1930s Enterprise case topic of book, talk

Published 3:07 am Saturday, October 8, 2016

On Fri., Oct. 21, at noon, author Joseph M. Beck will present My Father and Atticus Finch: A Lawyer’s Fight for Justice in 1930s Alabama, at the Alabama Department of Archives and History in Montgomery.

1008-atticus-finchAs a child, Joe Beck heard about his father’s legacy. Foster Beck was a respected trial lawyer who defied the unspoken code of 1930s Alabama by defending a black man charged with raping a white woman. Now a lawyer himself, Joe Beck became intrigued by the similarities between his father’s story and the one at the heart of Harper Lee’s iconic novel, To Kill a Mockingbird.
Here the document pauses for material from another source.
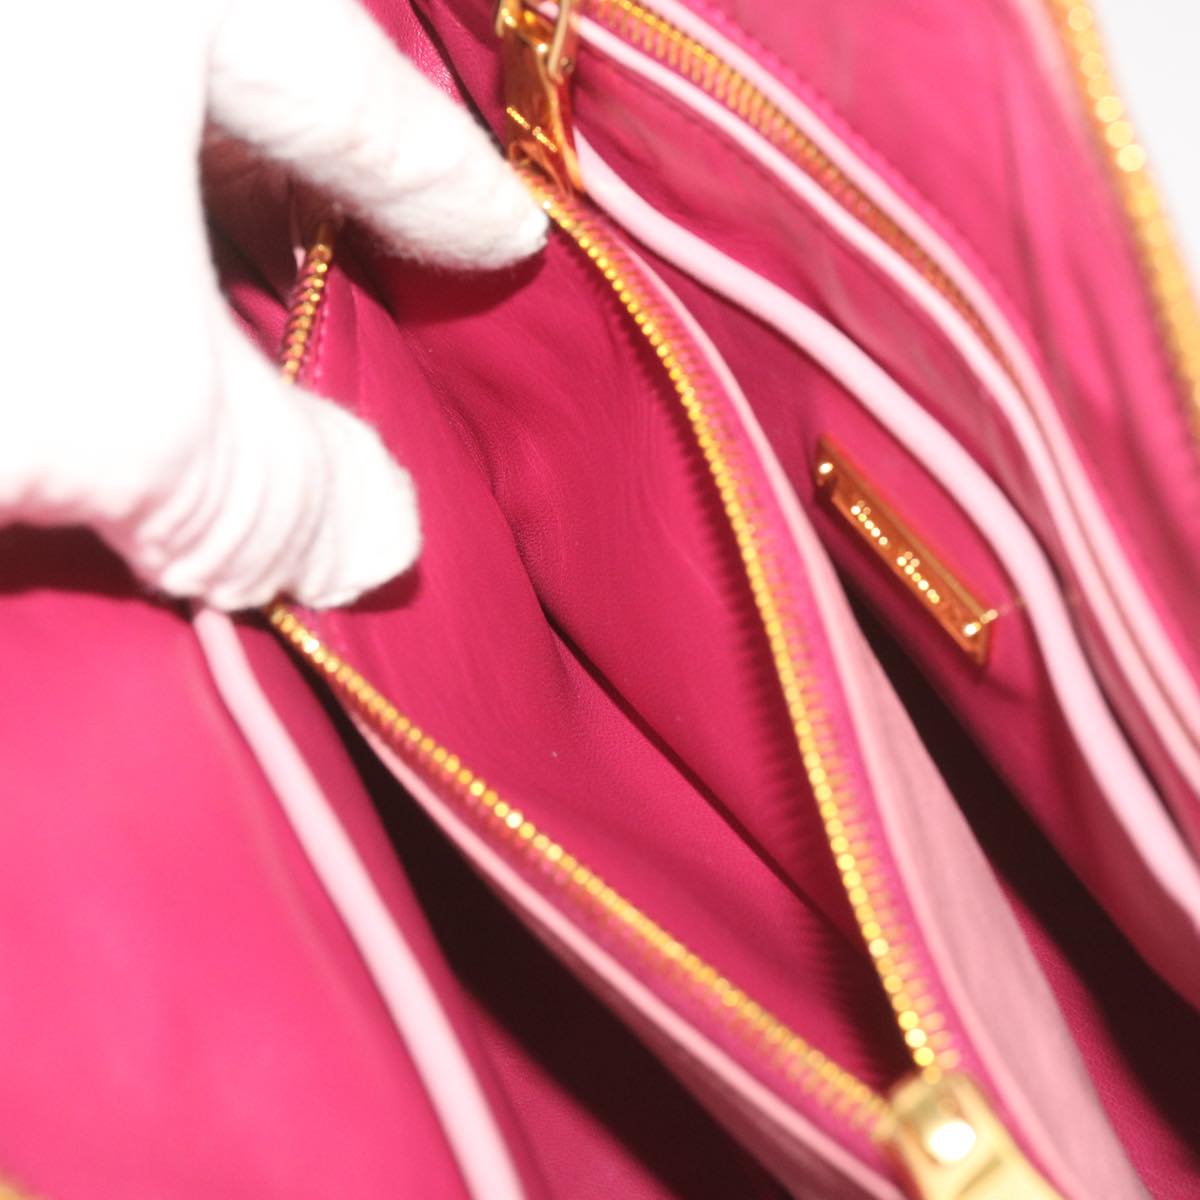 Miu Miu Hand Bag Leather 2way Pink Auth yk10851

In his new memoir, My Father and Atticus Finch, Beck uses his father’s handwritten family history, as well as conversations with his parents, newspaper articles detailing the sensational trial, the trial transcript, and the Alabama Supreme Court decision, to vividly reconstruct his father’s role in the 1938 trial-much publicized when Harper Lee was just twelve years old. On Oct. 21 at the Archives, Beck will discuss his memoir and the saga of a trial that captivated the community of Enterprise, Ala.

Beck is a Harvard Law graduate who has served as lead counsel in some of the most important copyright cases in the United States. He was named Intellectual Property Lawyer of the Year by Intellectual Property Magazine and a “Power Mediator” by the Hollywood Reporter. Prior to moving to Atlanta, he represented indigents in Washington, D.C., produced a television program on the law, developed a mathematical model of the criminal justice system for the Urban Institute and served in the U.S. Army, receiving the meritorious services medal.

Admission to this book talk is free. The public is invited to bring a brown bag lunch. Complimentary beverages will be provided. Copies of Beck’s memoir will be available for purchase.